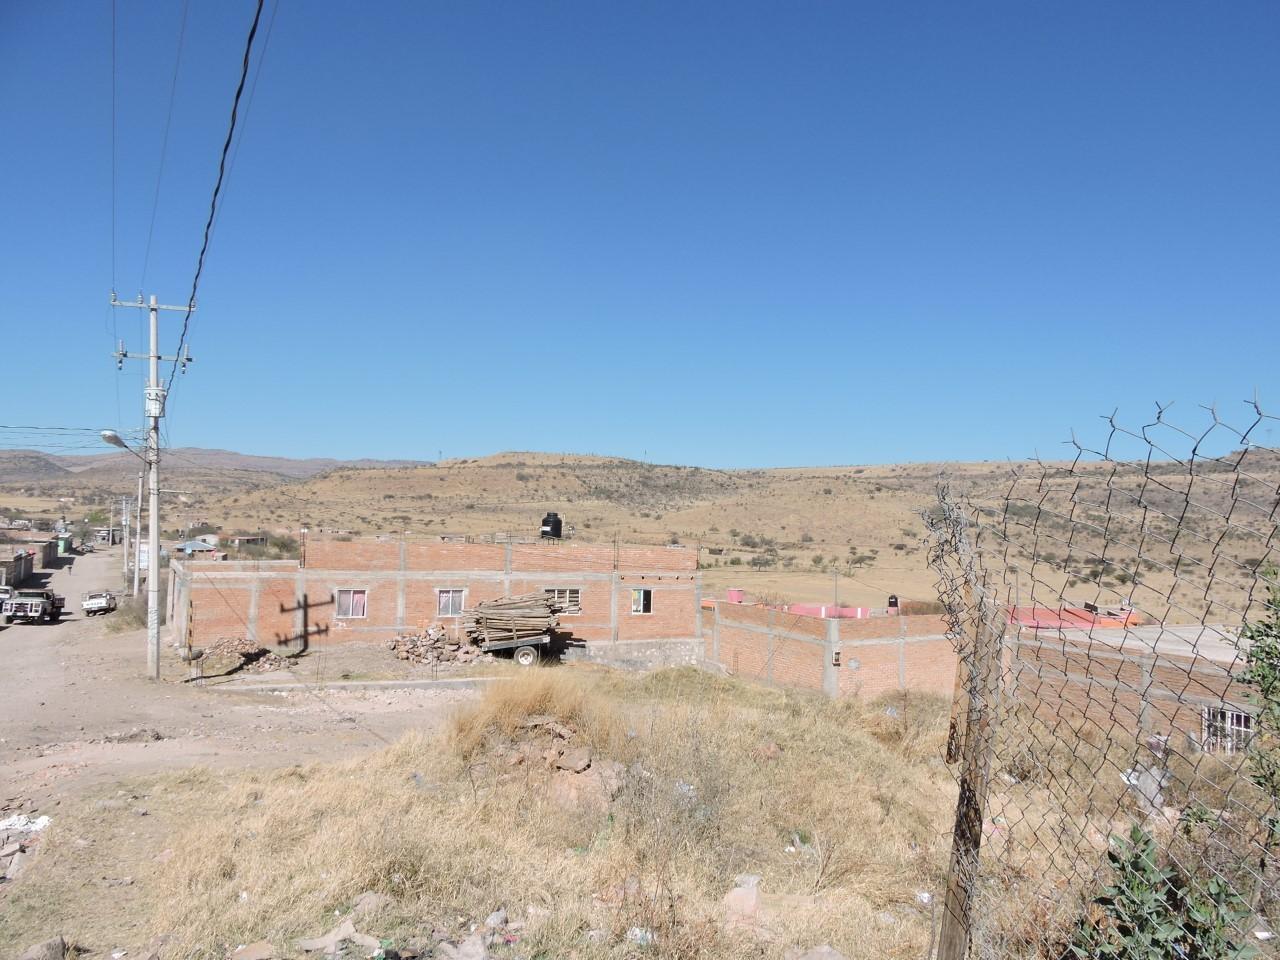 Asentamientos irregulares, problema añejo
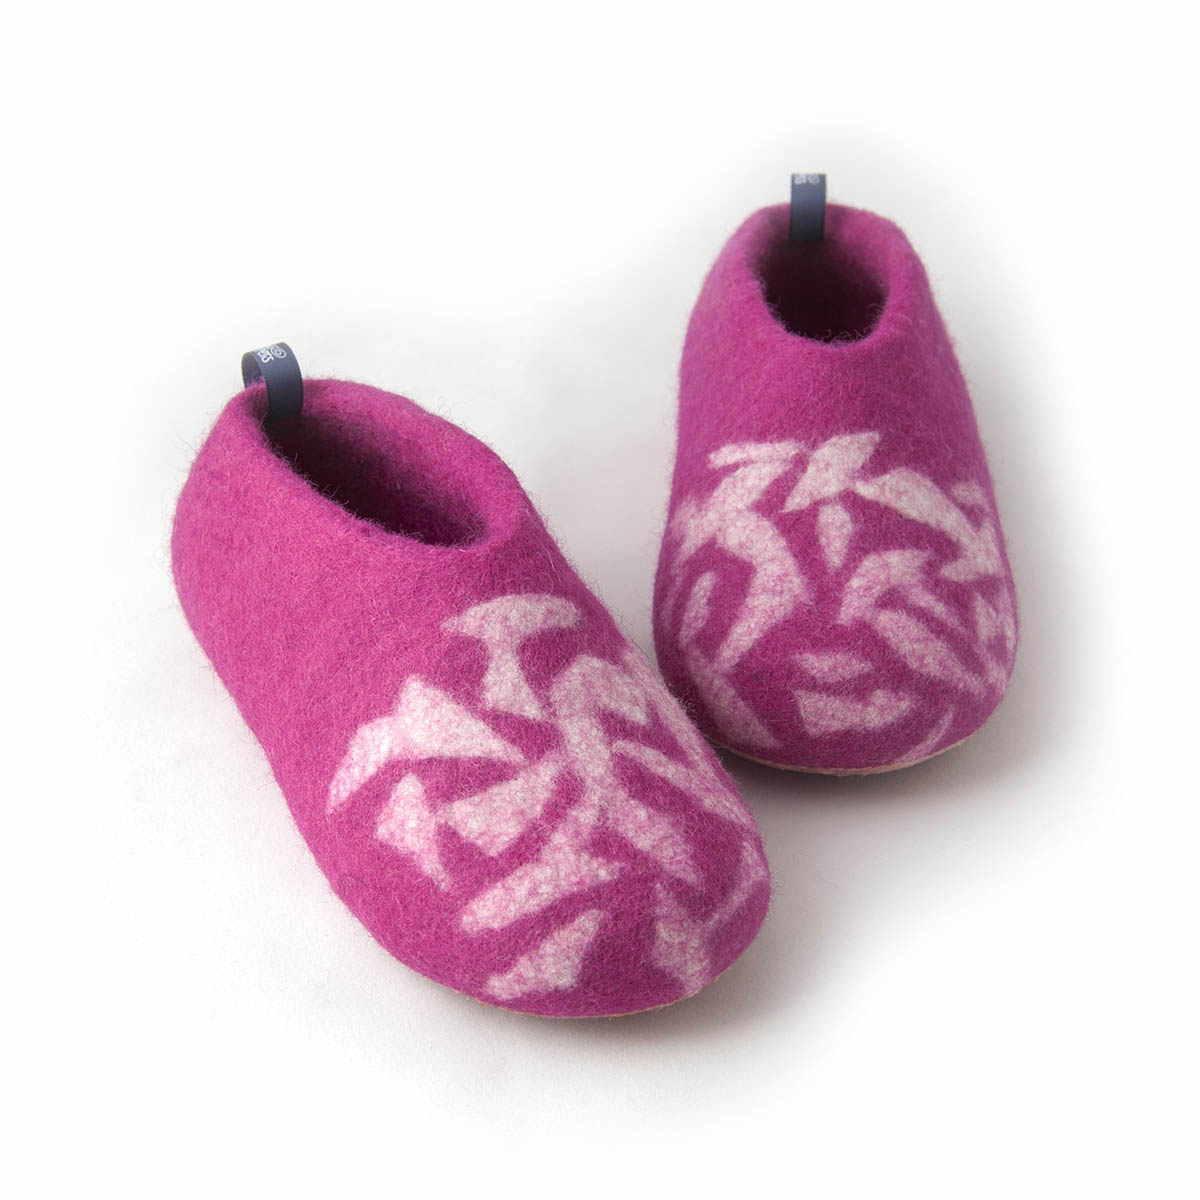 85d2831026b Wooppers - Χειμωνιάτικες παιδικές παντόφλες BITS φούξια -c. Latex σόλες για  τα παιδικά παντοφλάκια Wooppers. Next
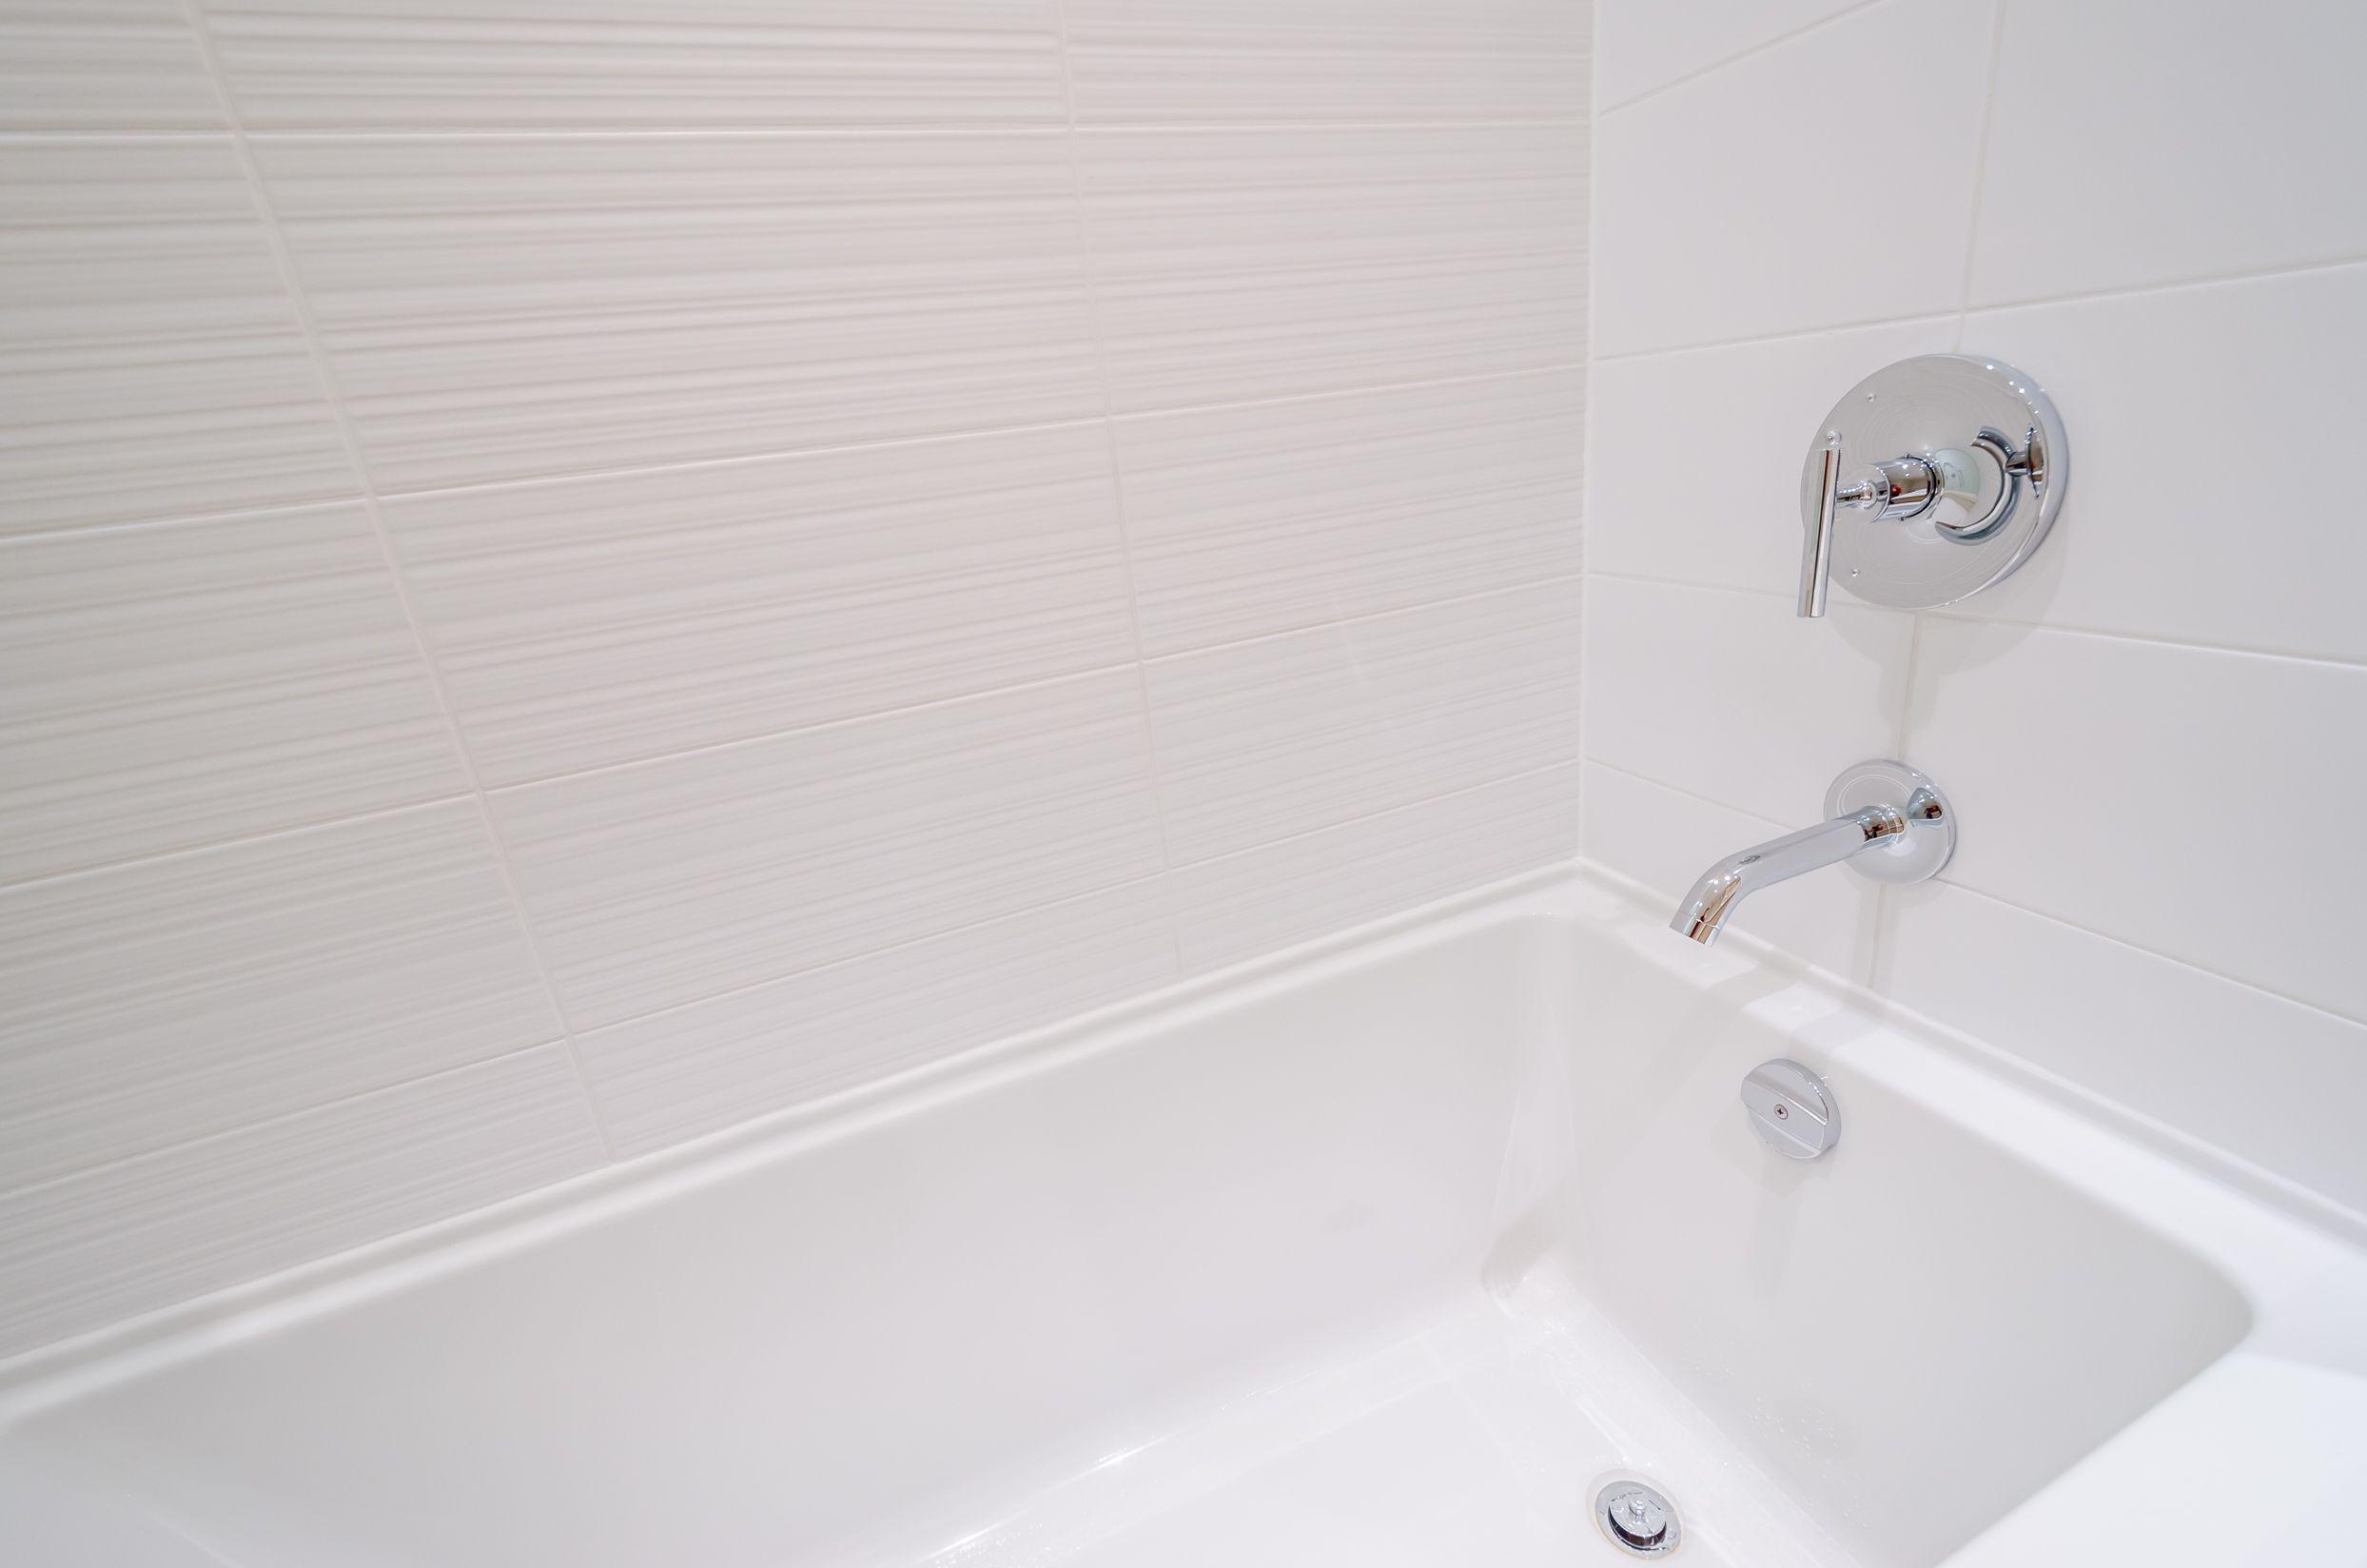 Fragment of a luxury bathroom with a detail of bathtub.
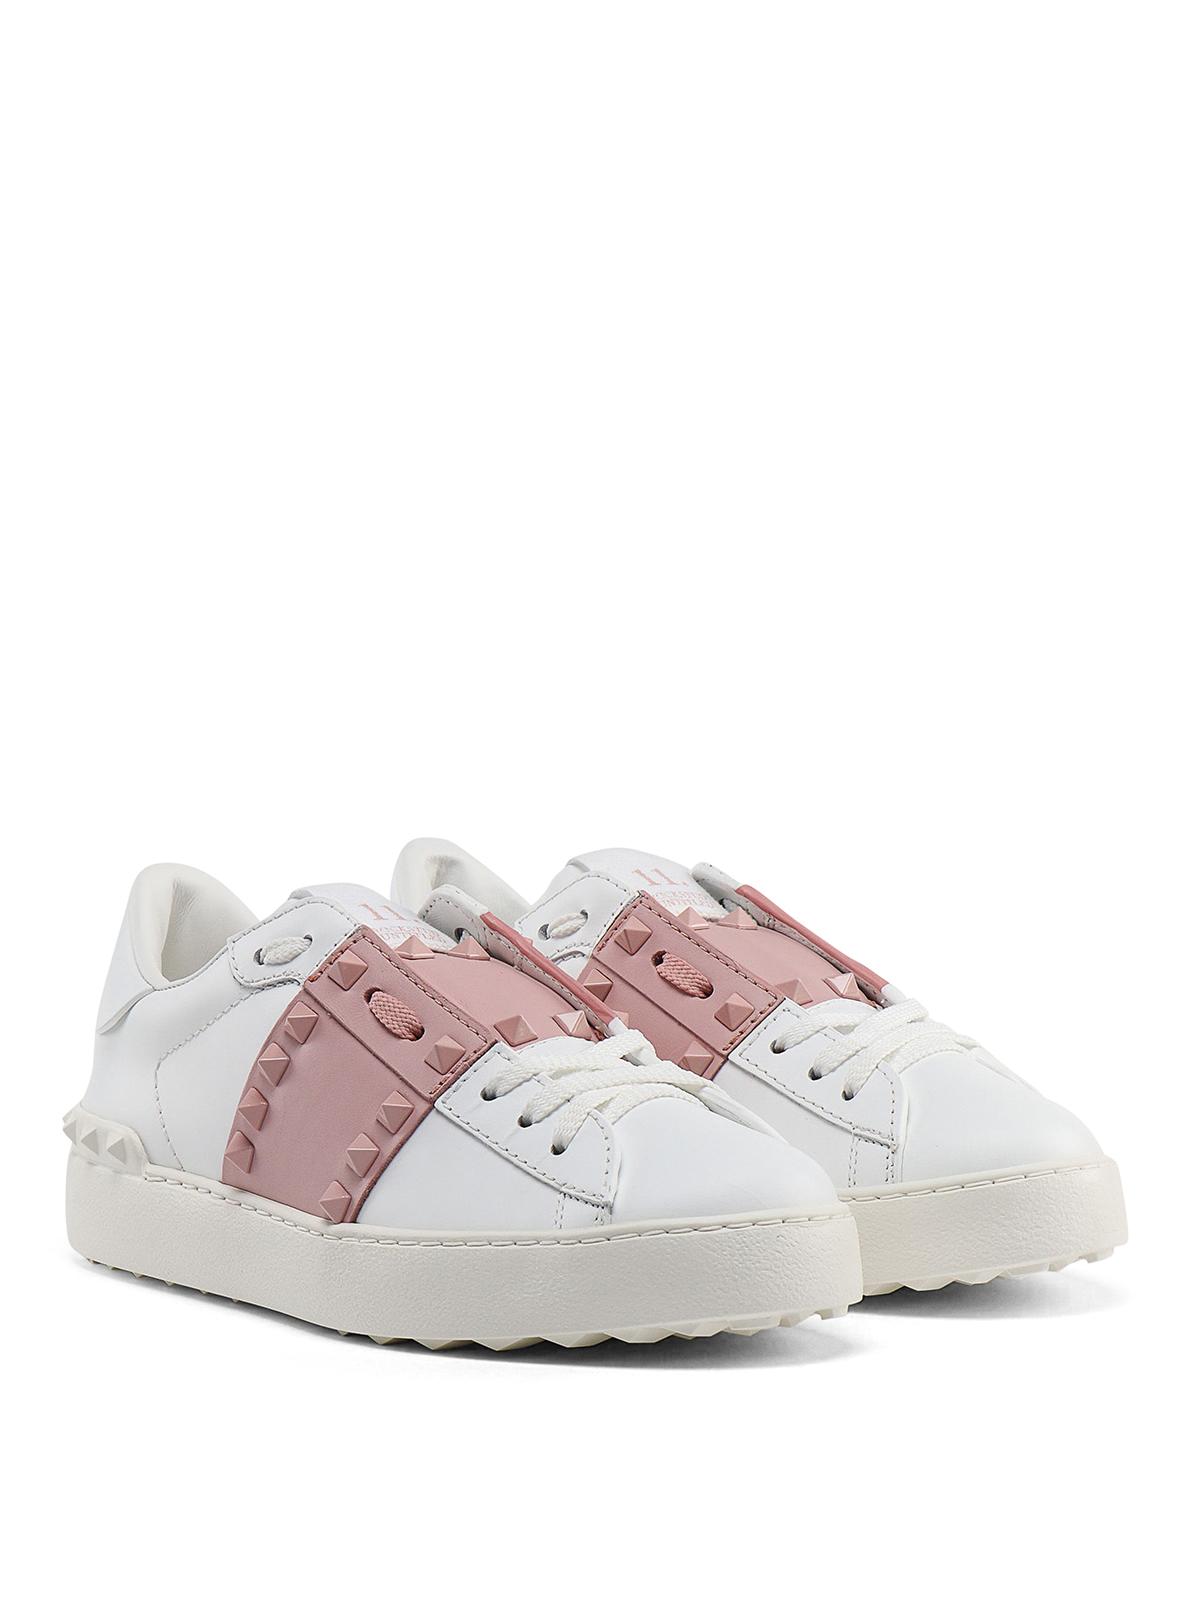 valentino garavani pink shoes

What is required: Print the material above once more, exactly, minus the pictures.

Exercise output:
 Asentamientos irregulares, problema añejo
 85d2831026b Wooppers - Χειμωνιάτικες παιδικές παντόφλες BITS φούξια -c. Latex σόλες για  τα παιδικά παντοφλάκια Wooppers. Next
 Fragment of a luxury bathroom with a detail of bathtub.
 valentino garavani pink shoes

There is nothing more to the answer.